The general statutory system for laying out, opening and improving highways, contemplates that the towns, villages and cities in which they are located shall initiate the proceedings for, and bear the burden of, their establishment, construction and maintenance. This plan is in harmony with the general theory of our legislation, that, so far as practicable, matters of administration specially affecting the public interests of a particular locality should be controlled by the local government, subject to such general regulations as may be necessary for the common good. But the legislature, unless restrained by constitutional limitations, may resume powers delegated to localities, and assume the direct control of matters pertaining to local government. This principle was applied in the case of highways, in People ex rel., etc., v. Flagg ( 46 N.Y. 401), which adjudged that it was competent for the legislature, by special act, to authorize and direct the laying out and improvement of highways in certain towns in the county of Westchester, and to provide that the money required to meet the expenses to be incurred should be raised by the sale of town bonds of the respective towns, to be issued as specified in the act. The act under consideration in that case, was passed prior to the adoption of the constitutional amendment in 1874, which, among other cases specified, prohibits the legislature from passing any private or local bill, "laying out, opening, altering, working or discontinuing roads or highways." (§ 18, art. 3.) But section 23 of the same article authorizes the legislature to enact general laws conferring upon boards of supervisors "such further power of local legislation as from time to time it may deem expedient." The effect of the amendment was to take from the legislature the power it theretofore possessed to pass laws laying out, altering or working highways, operating independently of the local authorities, and by their own force, while at the same time it preserved to the legislature the power to vest in boards of supervisors, within their respective jurisdictions, the same powers in respect to laying out, opening and working highways, which the legislature could itself no longer directly exercise. The constitutional amendment did not abrogate the pre-existing power over the subject. It simply transferred it to the local boards, in case the legislature should deem it expedient and should so enact.

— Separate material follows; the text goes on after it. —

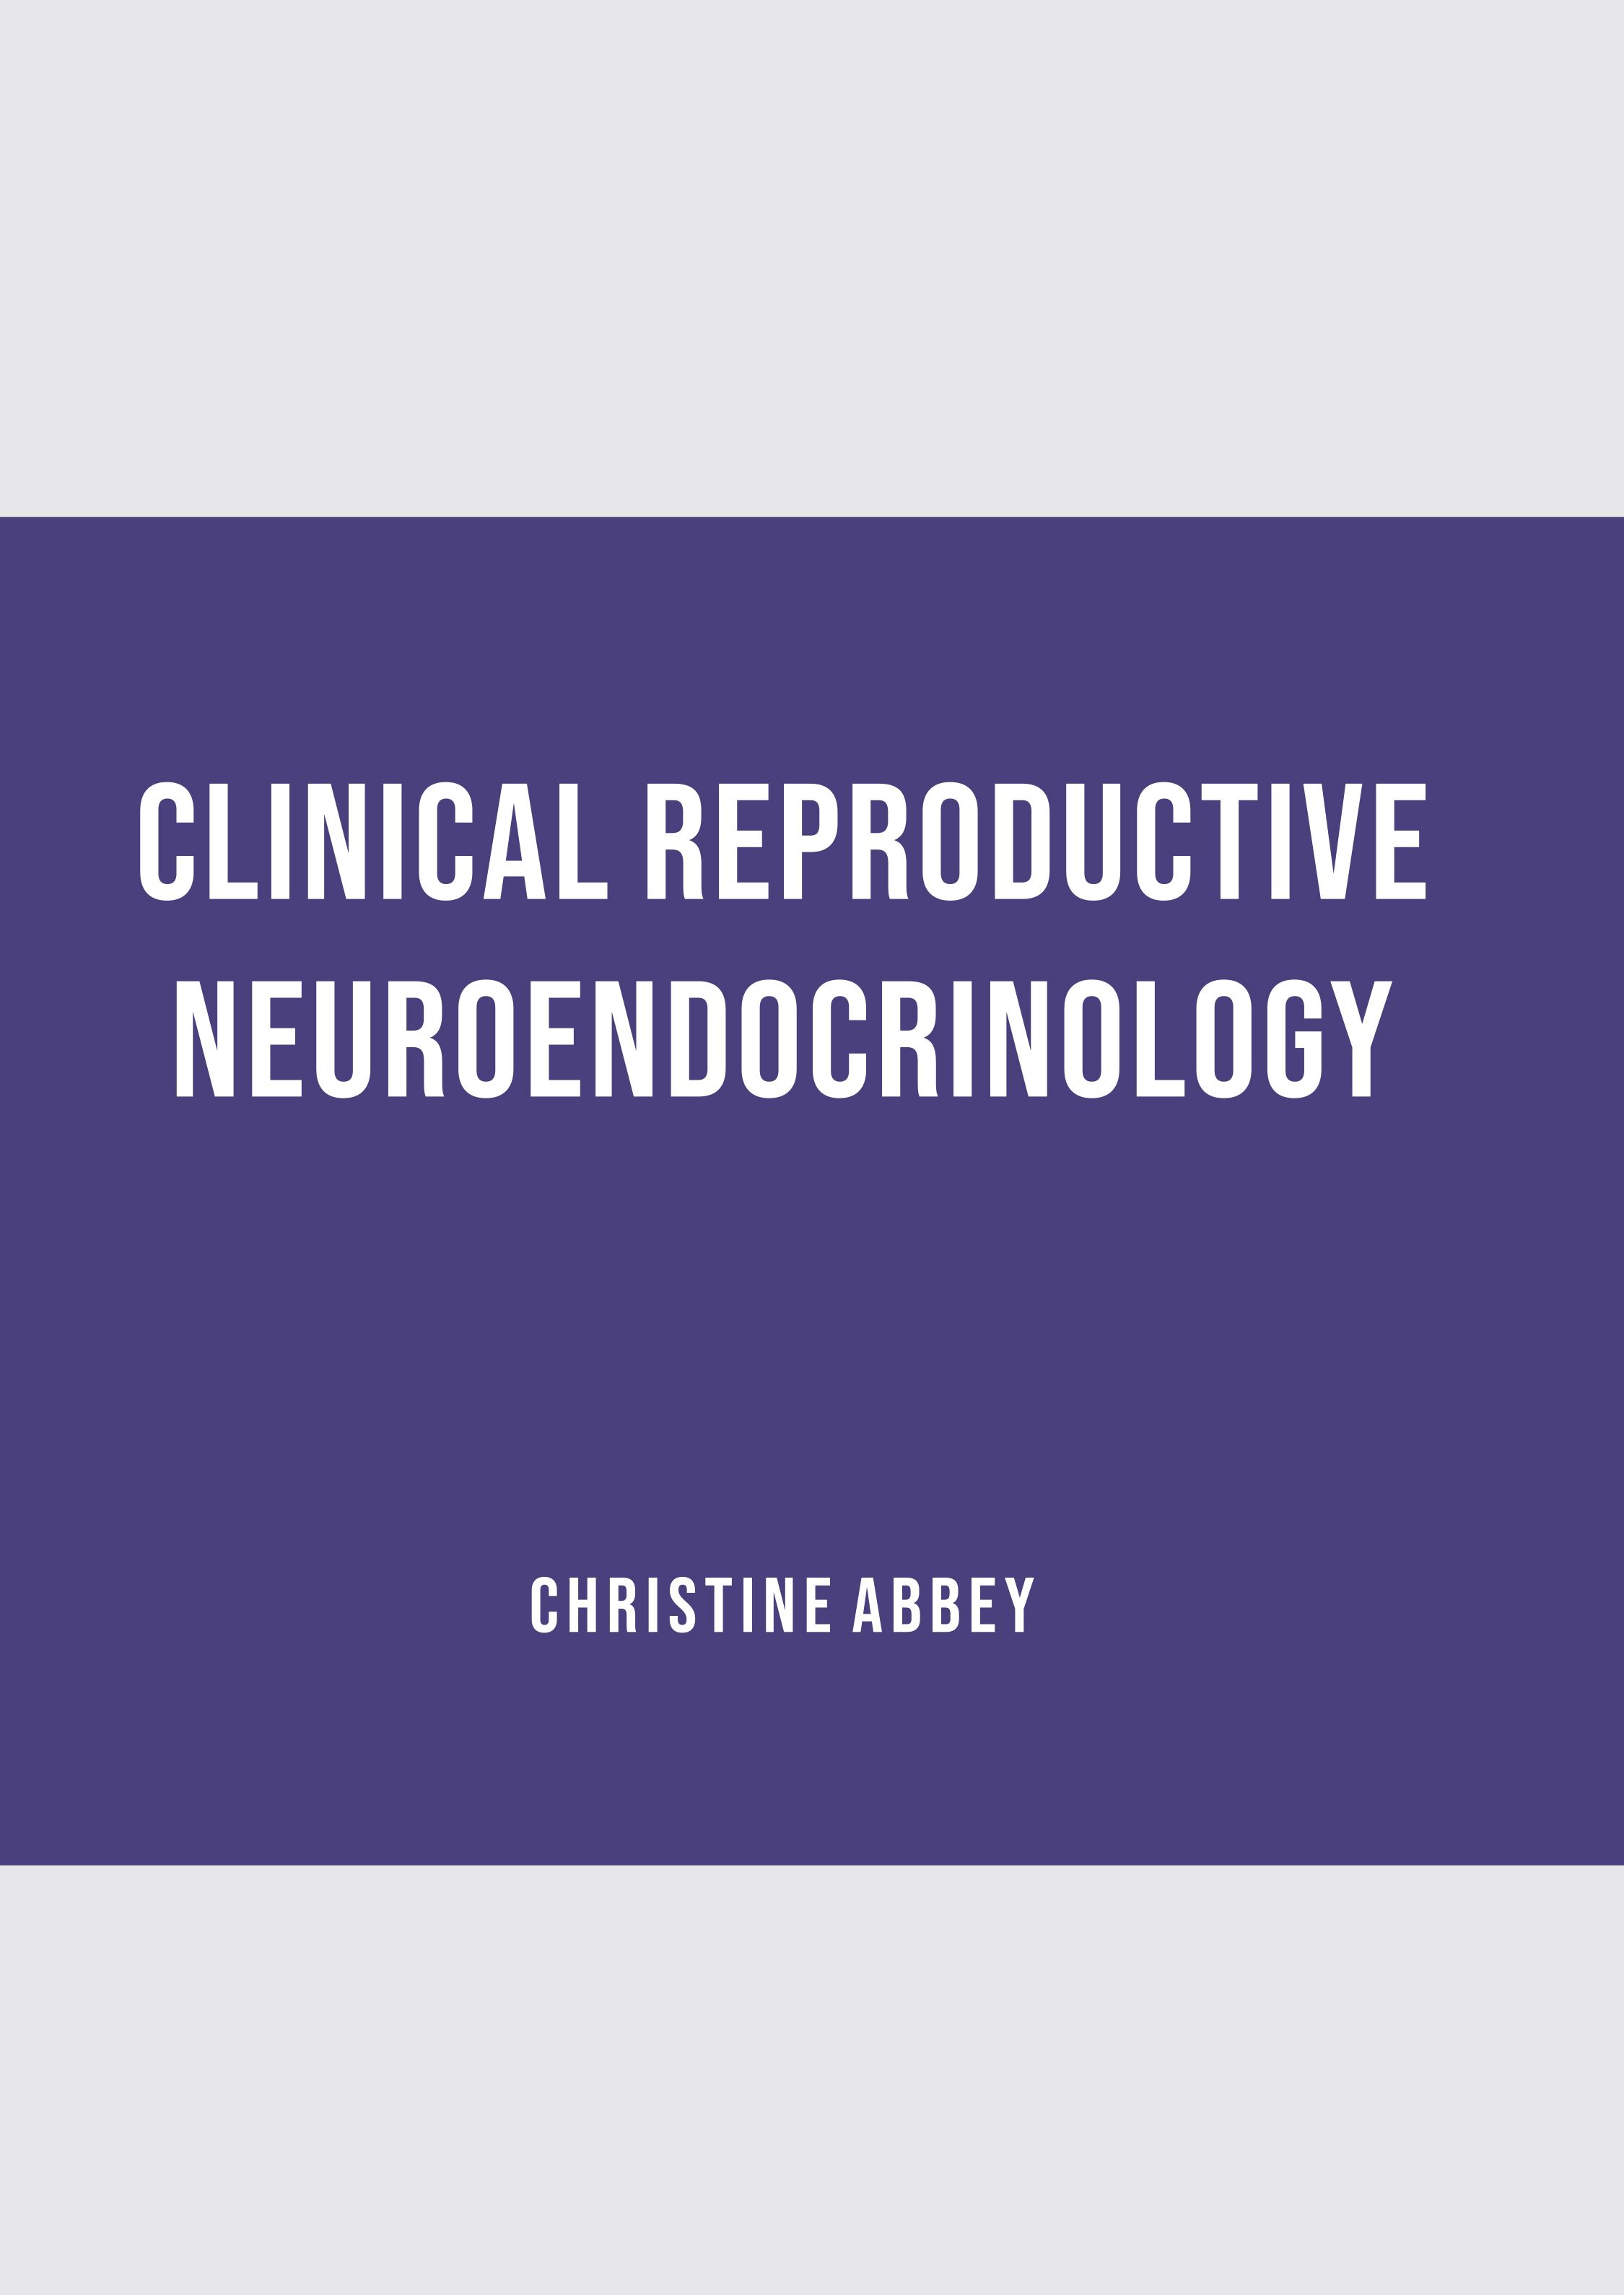 CLINICAL REPRODUCTIVE NEUROENDOCRINOLOGY

The board of supervisors of Queens county, by the ordinance and proceedings now under review, directed the improvement of that part of Jackson avenue within the limits of the town of Newtown, in a certain manner specified, at an expense of $30,000, and directed the expense to be assessed upon the three towns of Newtown, Flushing and North Hempstead, in certain proportions, and that the portion of the avenue so directed to be improved should thereafter be maintained and kept in repair by those towns. Jackson avenue was an existing highway, passing through the three towns mentioned, and the town of North Hempstead, of which the relator was a resident and taxpayer, is separated from the town of Newtown by the intervening town of Flushing. The legislature, prior to 1874, might have directed the improvement of Jackson avenue and apportioned the expense between the several towns, as was done by the board of supervisors. Such legislation would have been subject to no constitutional objection. The case of People ex rel. v. Flagg ( supra), is, we think, decisive of that question. The power of the legislature was not limited by town lines, nor was its power to distribute a tax for the payment of the expenses of laying out or improving a highway necessarily confined to the precise territory in which the expenditure was made. Towns through which the same highway runs which furnishes access to market may all be interested in its improvement at any point. But, as we have seen, the legislature while now prohibited from enacting a law, laying out, opening or working highways, may, nevertheless, confer the power it before possessed upon boards of supervisors. We have thus far assumed that, since the constitutional amendment of 1874, the legislature could not by special act have authorized the improvement in question. This is denied on the authority of People ex rel. Commissioners v. Banks ( 67 N.Y. 568). Such an act would not, it is claimed, be a law for working a highway within the constitutional prohibition. But however this may be, it was competent for the legislature under the authority given by the twenty-third section, to delegate the power to boards of supervisors. The only question, therefore, we have to consider is whether the legislature has conferred upon the supervisors of Queens county the power to enact the ordinance in question.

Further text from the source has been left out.